#### What needs to be done:
Look through the entries below and copy exactly the part that begins with the line containing "Baby playing in" and ends with the line containing "Overlooking Sulphur mountain". Do not copy the pictures.

#### Task input:
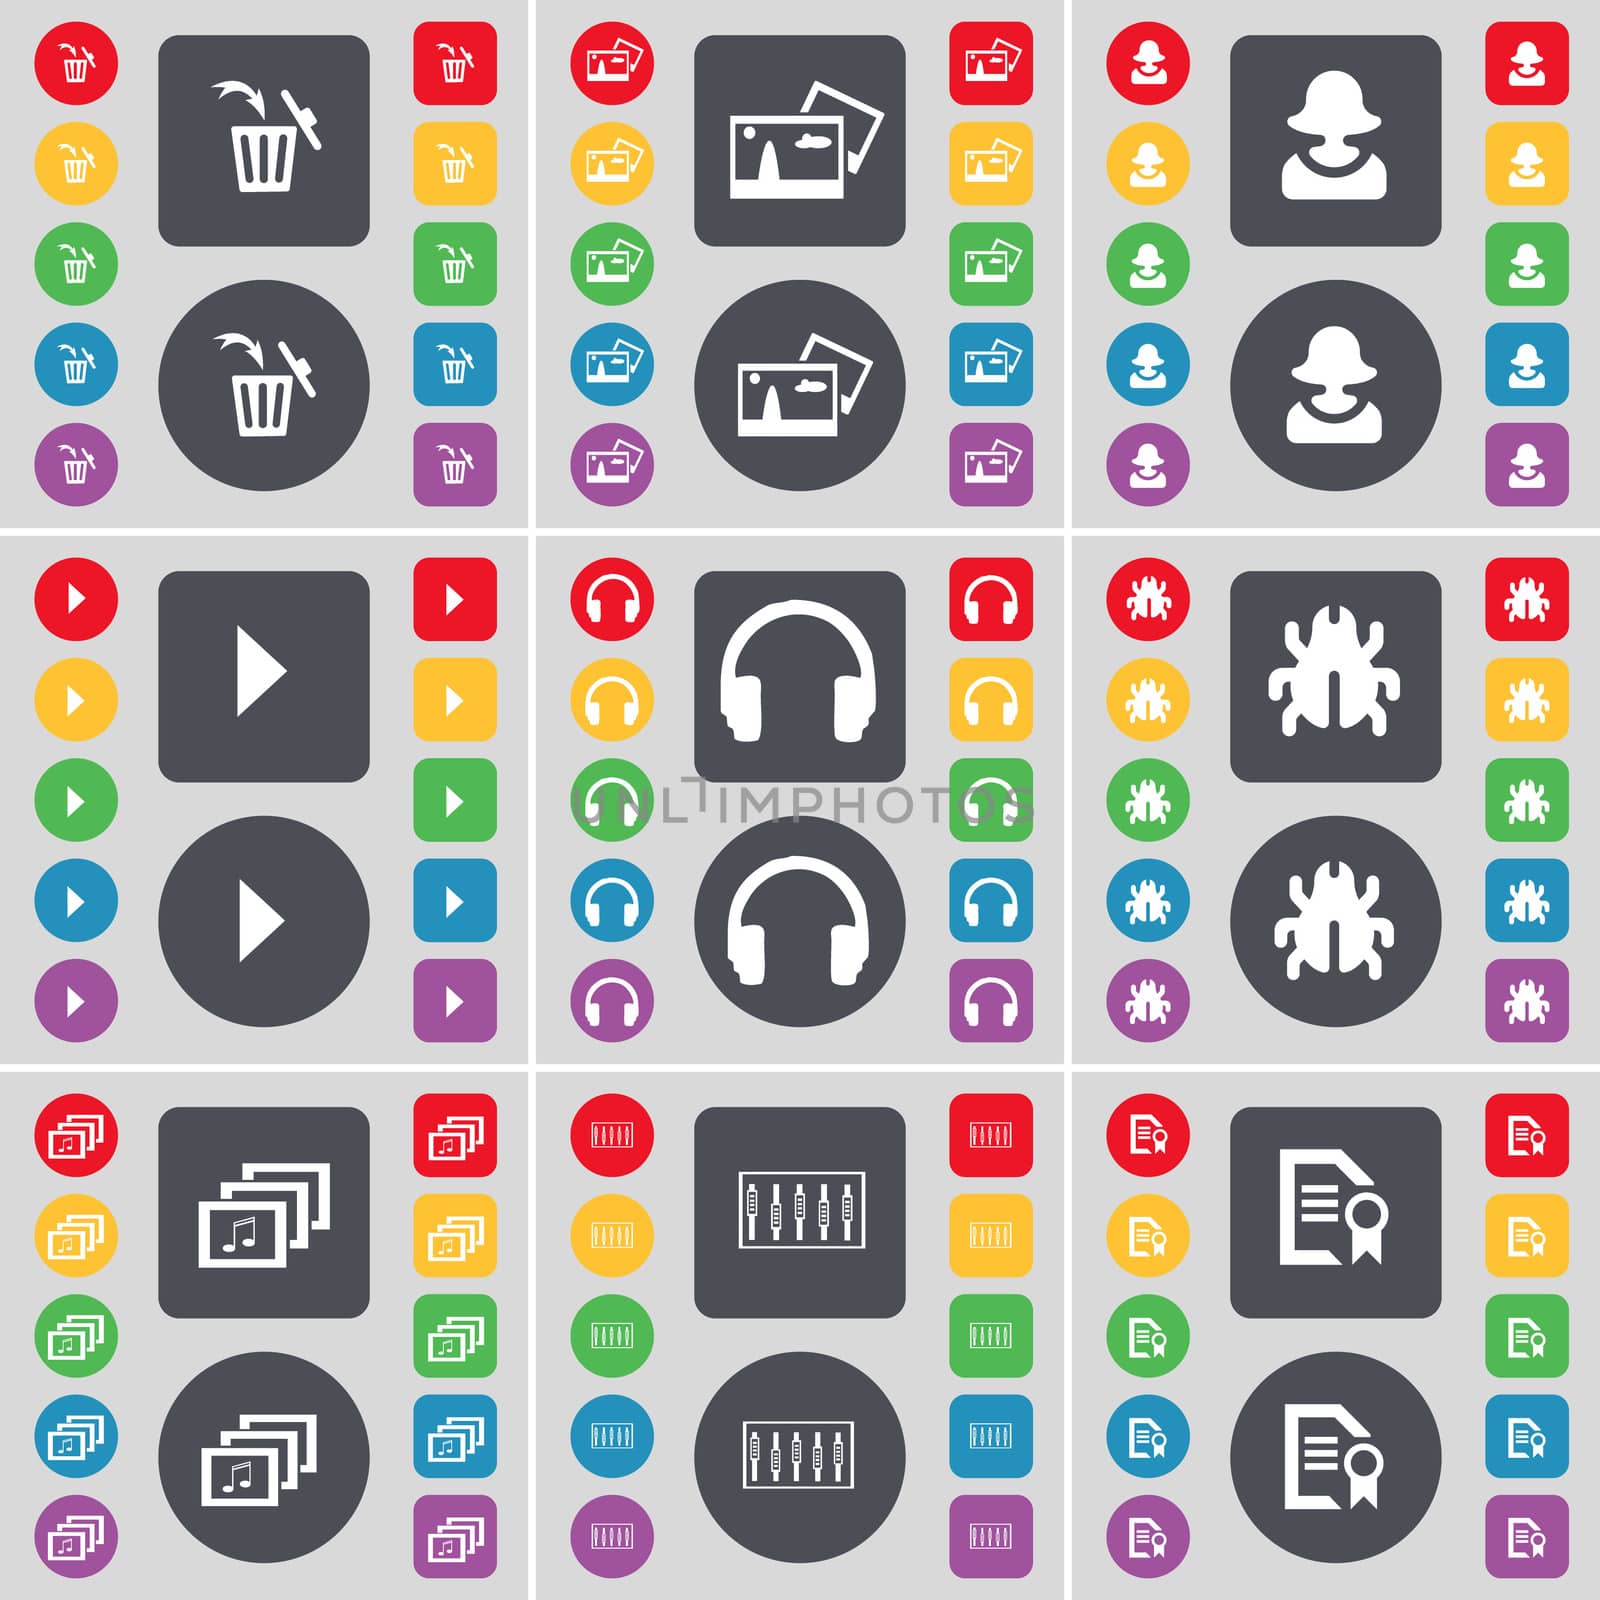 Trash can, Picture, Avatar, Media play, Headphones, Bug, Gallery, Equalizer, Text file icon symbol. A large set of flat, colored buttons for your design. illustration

* * *

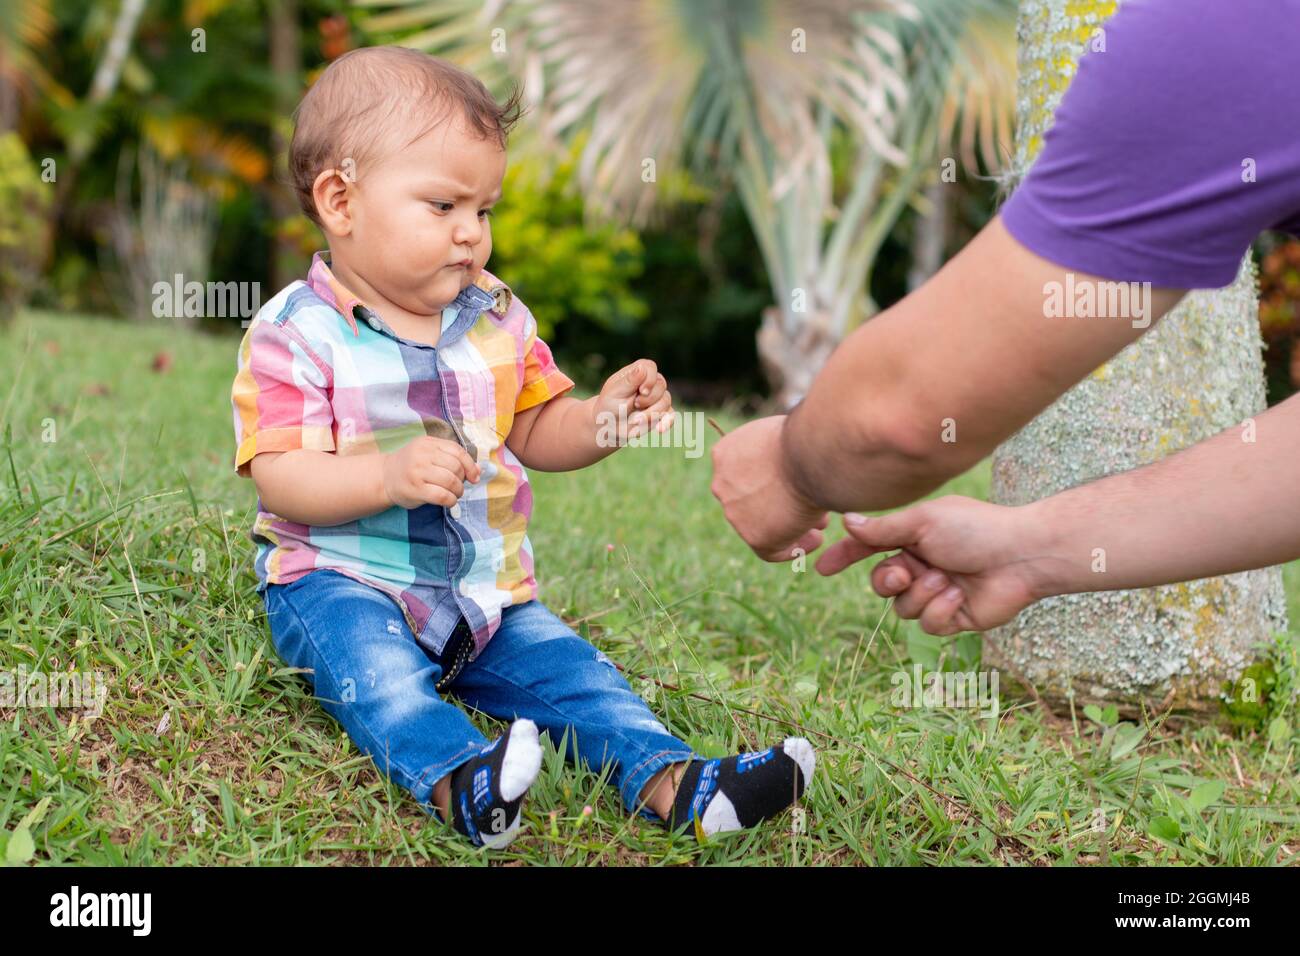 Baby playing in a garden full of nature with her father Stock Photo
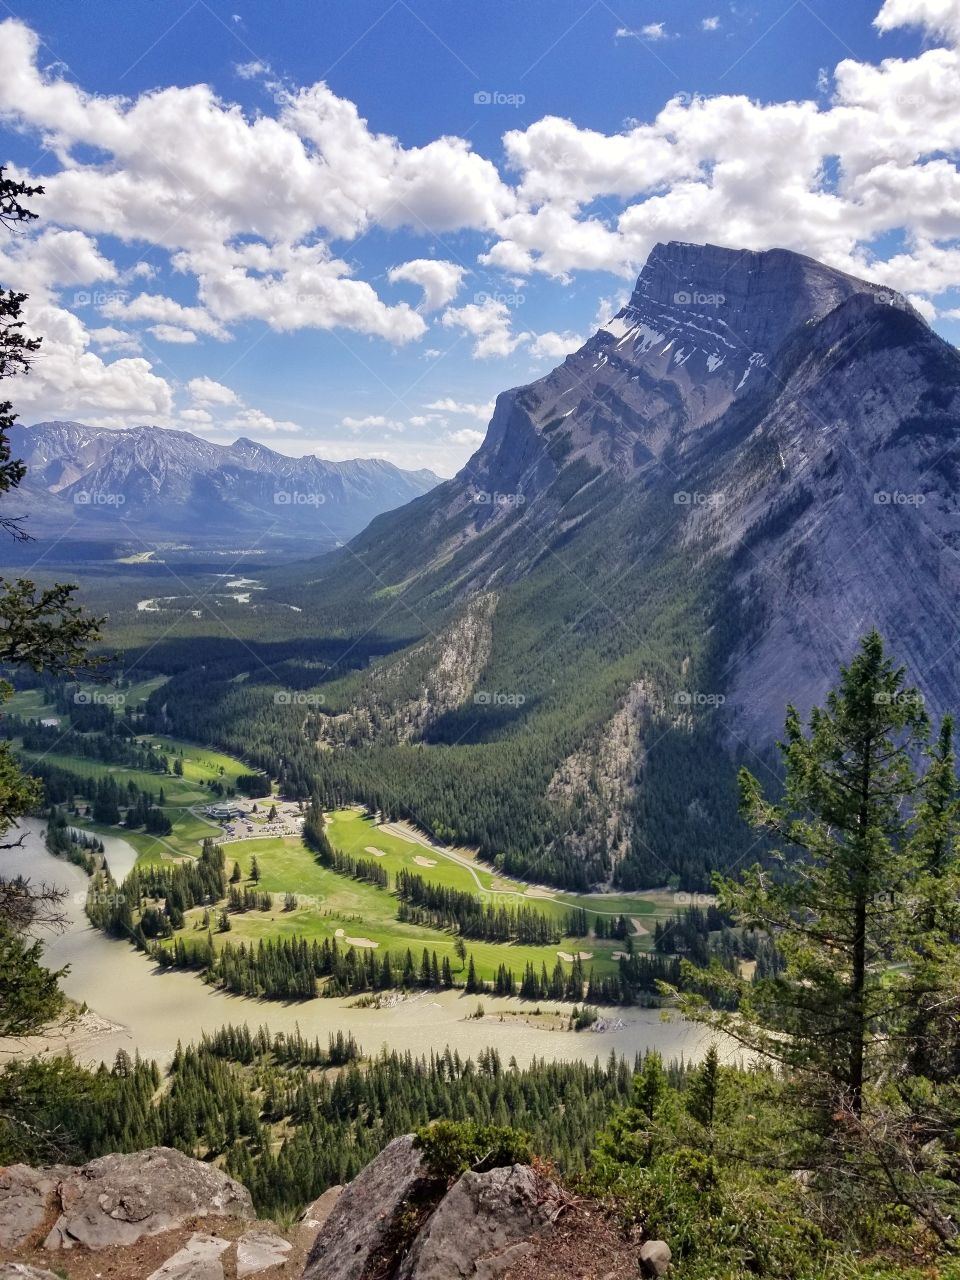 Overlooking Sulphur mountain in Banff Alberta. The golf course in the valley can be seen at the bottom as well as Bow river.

...

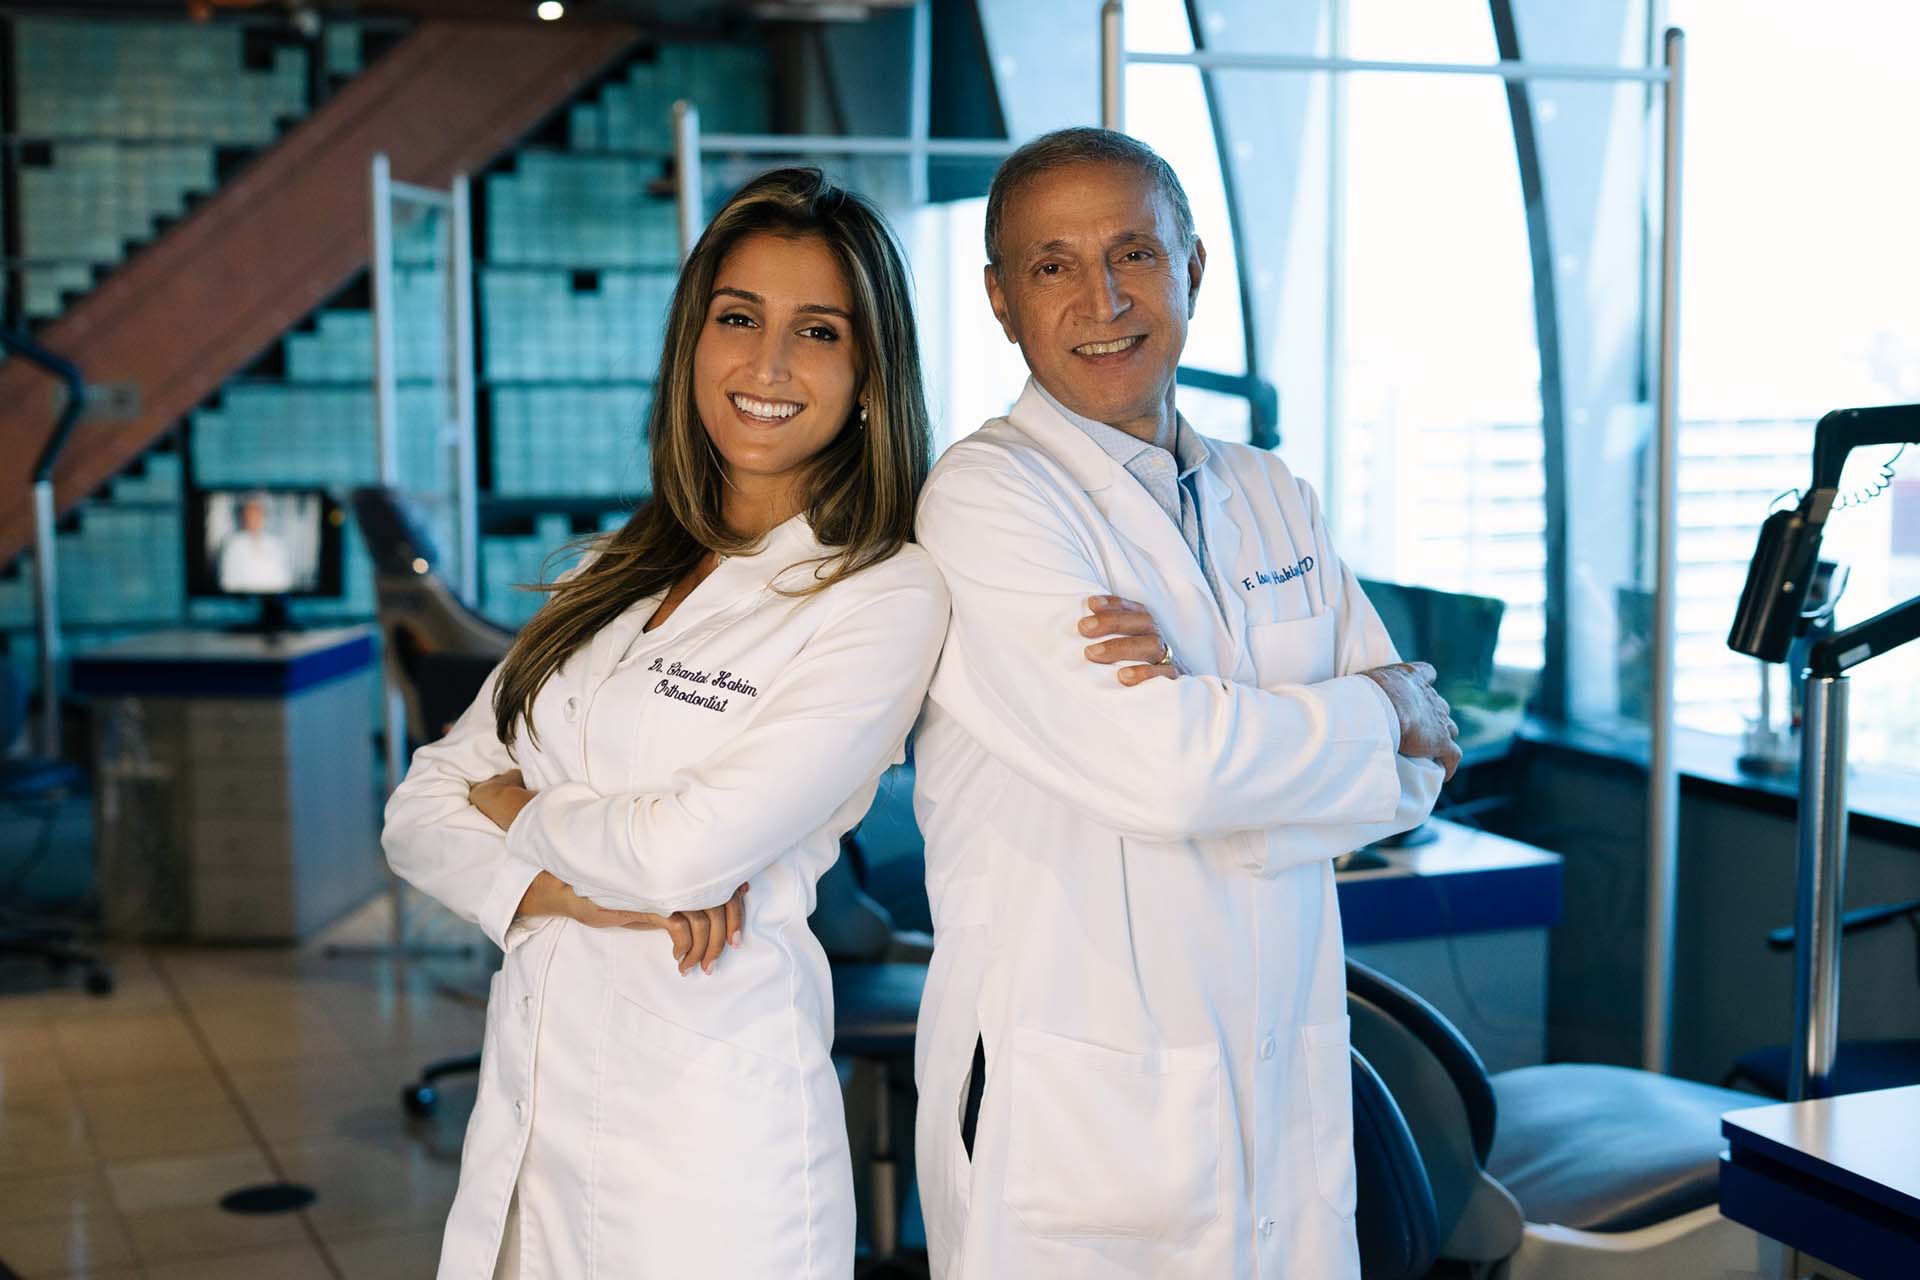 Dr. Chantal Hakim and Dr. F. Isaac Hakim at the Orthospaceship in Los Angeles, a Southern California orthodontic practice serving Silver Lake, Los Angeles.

#### The answer:
 Baby playing in a garden full of nature with her father Stock Photo
 Overlooking Sulphur mountain in Banff Alberta. The golf course in the valley can be seen at the bottom as well as Bow river.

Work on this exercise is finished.